The other day in English class we were talking about the movie (and the book) Twilight. The students know that I don't like the books, and we've talked about that kind of thing before. (I used it as an example for critical thinking about literature: it's okay to say you hate Twilight. It's not okay to say "because it's stupid" and think you're done. You have to give thoughtful reasons to back up your opinion.)
This time it was a little different: "Who would you pick," a girl asked me, "a werewolf or a vampire?"
"Neither!" said I. She looked a little shocked.
"Come on," she said, "Choose! Edward or Jacob!"
Now one reason why I don't like Twilight is because of the attitudes of the main character, Bella. She is a girl who cannot live without a boy (in this case Edward, the vampire). She doesn't think she's all that special, so she's very flattered by his attention. Before long he is watching her at night without her knowledge. She ends her relationships with her friends to be closer to him. In the second book she gives up her college fund because if there is no Edward in her life she doesn't see the point of continuing on with school.
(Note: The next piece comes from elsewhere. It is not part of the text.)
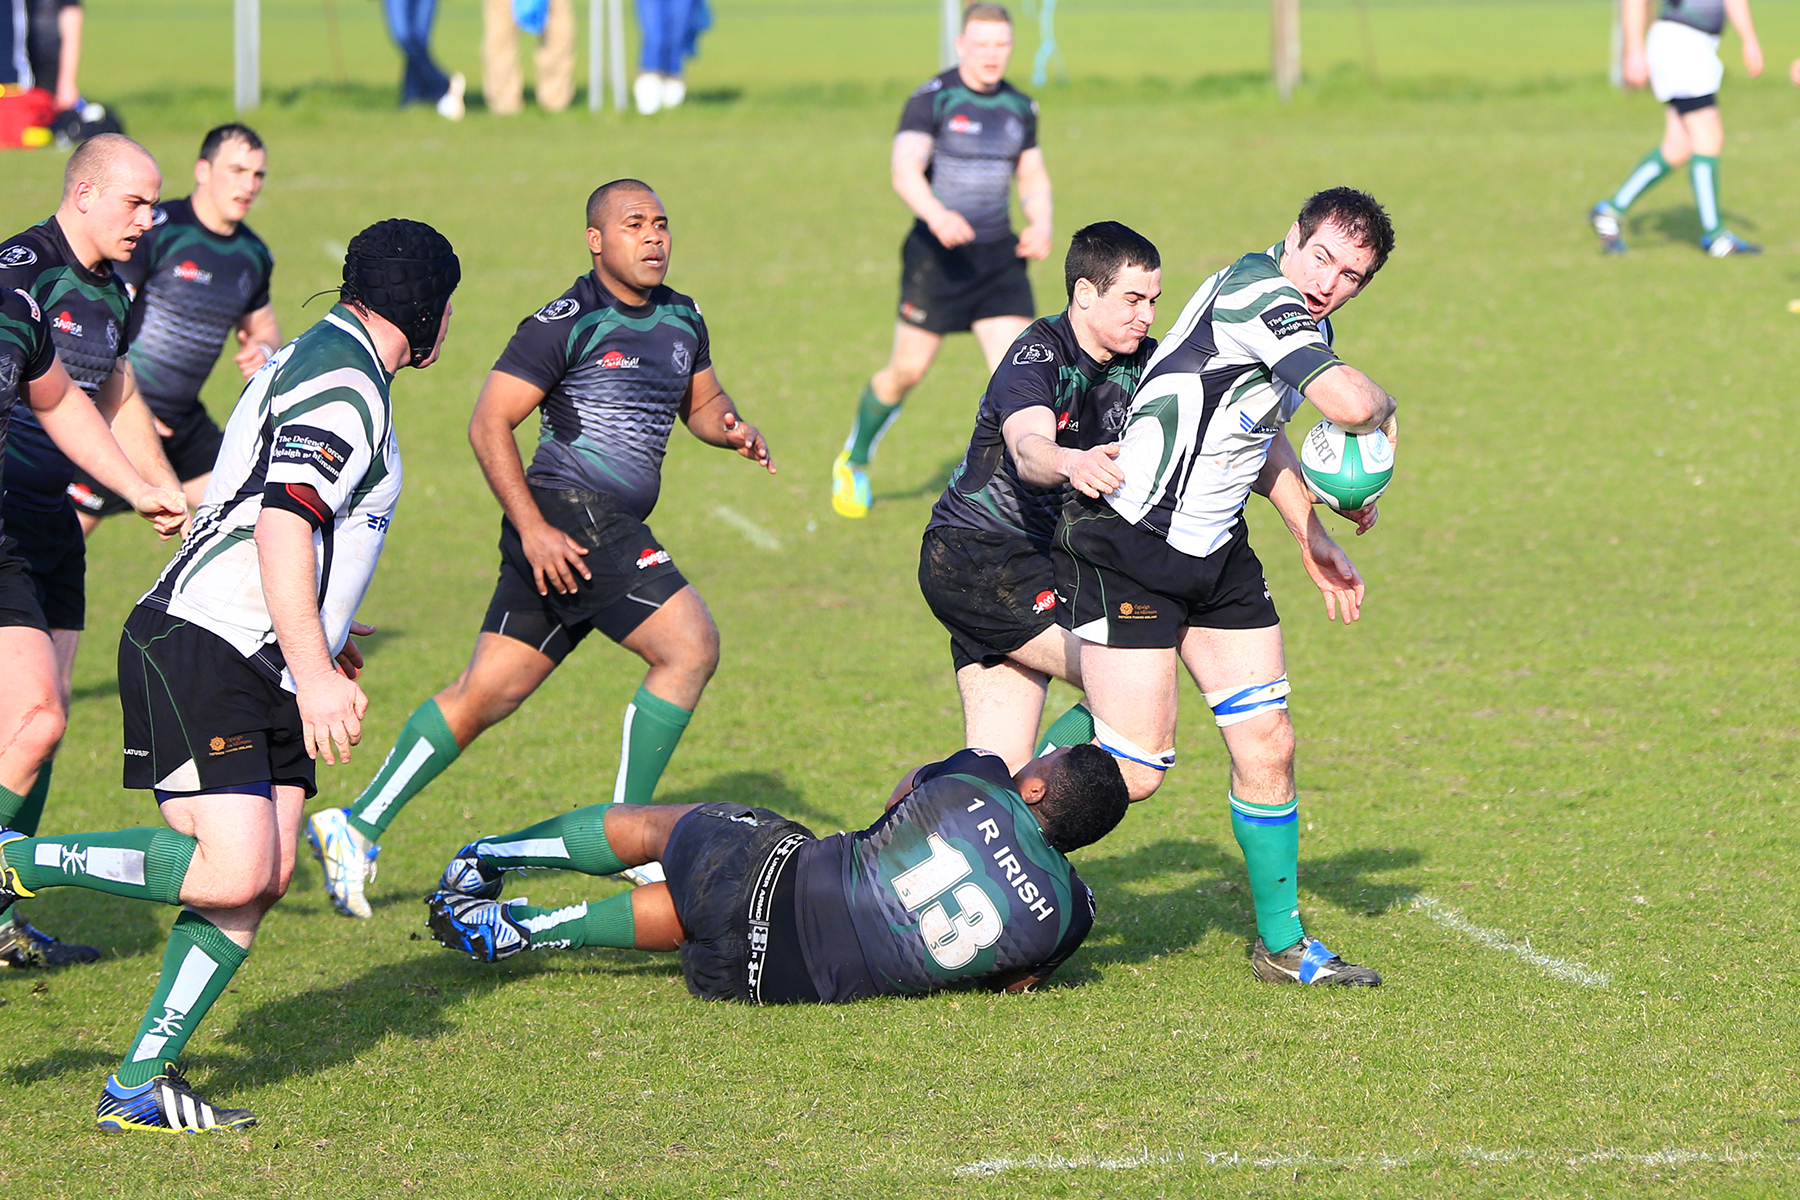 a rugby team running after a ball on the field

That's when she falls in with Jacob (he would be the werewolf), because she cannot live without the attentions of a man in her life, and Jacob is that man.
She has to choose. Werewolf or vampire.
To me this is not choice.
I have known women who have lived like this. They give up everything for their boyfriends; some of them drop out of university the minute they get their Mrs. degree. Some of them never get to university; some of them take dead-end jobs so that they can support the guy while he goes to school. They are so focused on making sure that they are in a relationship at all times, that they forget about their relationship with themselves, and with their future.
Then what happens is the relationship ends. He walks out, or she does, or something bad ends things for them, and she winds up working the night shift in the 7-Eleven while her kids sleep so that she can earn enough money to pay for the crappy basement apartment they're living in until she can find a new man.
Which she inevitably does. Werewolf or vampire. Same difference.
Sometimes that second choice works out: she now has a new man and can devote her entire being to him. She feels complete. Sometimes it doesn't work out, and she does the whole thing again.
"Which would you choose?" ask my students, their brilliant young minds, their untold potential, their glittering futures. "Werewolf or vampire?"
And I say: I choose neither. I choose to get a lot of education, because no one can take that away from you. I choose a career that is fulfilling and pays enough for me to support my own children. I choose to be whole in and of myself. I choose to not feel like I'm incomplete without a man in my life, I choose to live like a fully realized human being, regardless of what society thinks people of my gender should do.
I choose myself, and I choose (for lack of a more elegant phrase) to have a choice: I will decide how my life unfolds. I will not allow anyone to tell me who my friends are or what my future holds, or to destroy my life because he leaves.
And it scared the shit out of me to see my students look in disbelief and say "But you have to choose! Werewolf or vampire!"
What will become of us, if these are our choices?